Blog
Keeping you up to date on the progress of the Named Person scheme and the NO2NP campaign.
Teacher pens heart-breaking letter to John Swinney about her ‘nearly impossible’ job… Why is he still trying to foist Named Person on schools?
Posted 6 years agoAn anonymous letter to Education Secretary John Swinney from an exasperated teacher has been doing the rounds online.
The viral letter raises ‘grave concerns’ about the state of the teaching profession, the workload placed on teachers and the desire of many to leave teaching. The letter begins:
Dear Mr Swinney,
I am a primary school teacher in a Scottish local authority and I am writing to you regarding my grave concerns about the way teaching in Scotland has become a nearly impossible job to do adequately, far less to the high standard expected of us. I want to highlight to you some of the issues that I know teachers (including myself) face on a daily basis, and why so many teachers currently want to leave our profession.
It continues:
We have a teaching crisis. This is fact. In all the local authorities that I have teacher friends in, we all talk about how impossible it is to get supply cover if a teacher is off sick. Many schools have vacant posts that cannot be filled.
And concludes:
…I am not sure of the extent to which you are aware of how bad things are. When you visit schools, people are most likely to tell you what you want to hear, through fear of repercussions. If you were able canvas teachers directly perhaps through an anonymous survey, then that would show you the real struggles that teachers are having. I sincerely hope that you take the content of this letter very seriously…Thank you for taking your time to read this letter, and I sincerely hope that it will make a difference.
Kind regards,
A Scottish teacher
Teachers are having a tough time of it just now. That fact is undeniable. And this makes it all the more baffling that the Government is seeking to add more pressure to over-burdened educationalists via named persons.

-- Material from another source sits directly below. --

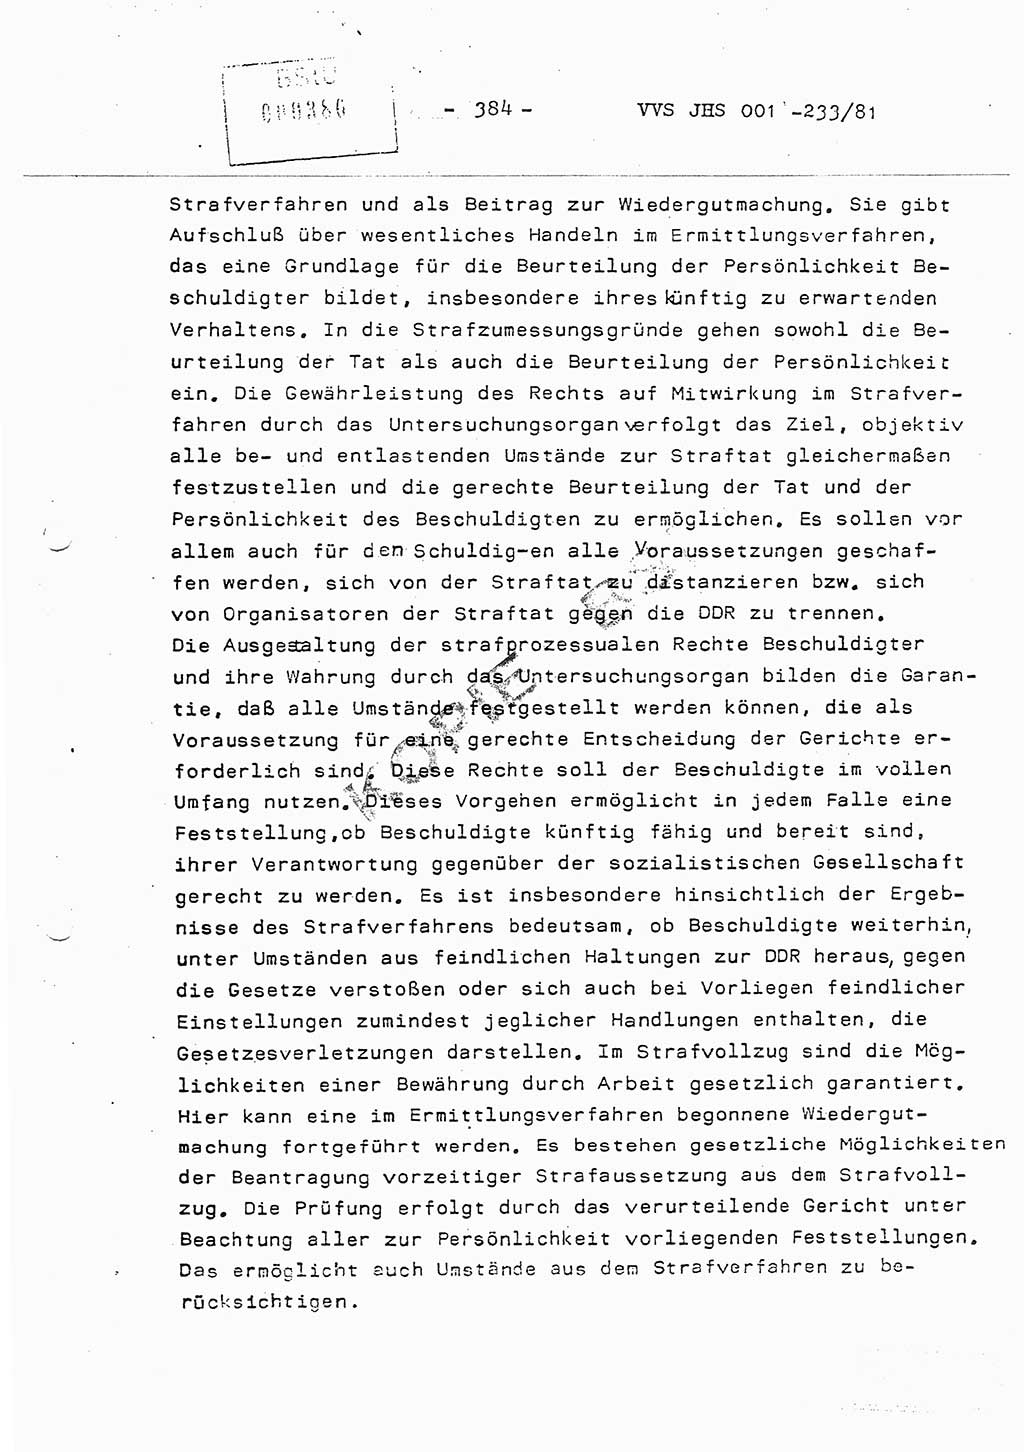 Dissertation Oberstleutnant Horst Zank (JHS), Oberstleutnant Dr. Karl-Heinz Knoblauch (JHS), Oberstleutnant Gustav-Adolf Kowalewski (HA Ⅸ), Oberstleutnant Wolfgang Plötner (HA Ⅸ), Ministerium für Staatssicherheit (MfS) [Deutsche Demokratische Republik (DDR)], Juristische Hochschule (JHS), Vertrauliche Verschlußsache (VVS) o001-233/81, Potsdam 1981, Blatt 384 (Diss. MfS DDR JHS VVS o001-233/81 1981, Bl. 384)

Mr Swinney seems determined to plough on with his embattled scheme despite an outcry from teachers that they can’t take any more!
Worries about teachers’ workload and anxiety around Named Person liabilities were at the forefront of an Education and Skills Committee evidence session last year.
Headteacher and EIS member Lorraine McBride told MSPs that being a headteacher was already a “difficult, difficult job”, and said that adding the Named Person duties “makes everything that bit bigger”.
She told the committee that headteachers were worried about being liable if they got it wrong, admitting: “We worry ourselves sick every single day.”
Lisa Finnie of the Scottish Guidance Association, a body which helps teachers involved in the personal support of children and young people, said she felt like they were doing three jobs – teaching, work in the school and the 3am job at home.
Whatever your views on education policy, it is inexcusable that our teachers should have yet more pressure heaped on their heads.
There is a simple way to alleviate some of their burden. We’ve been calling for it from day one; scrap the Named Person scheme.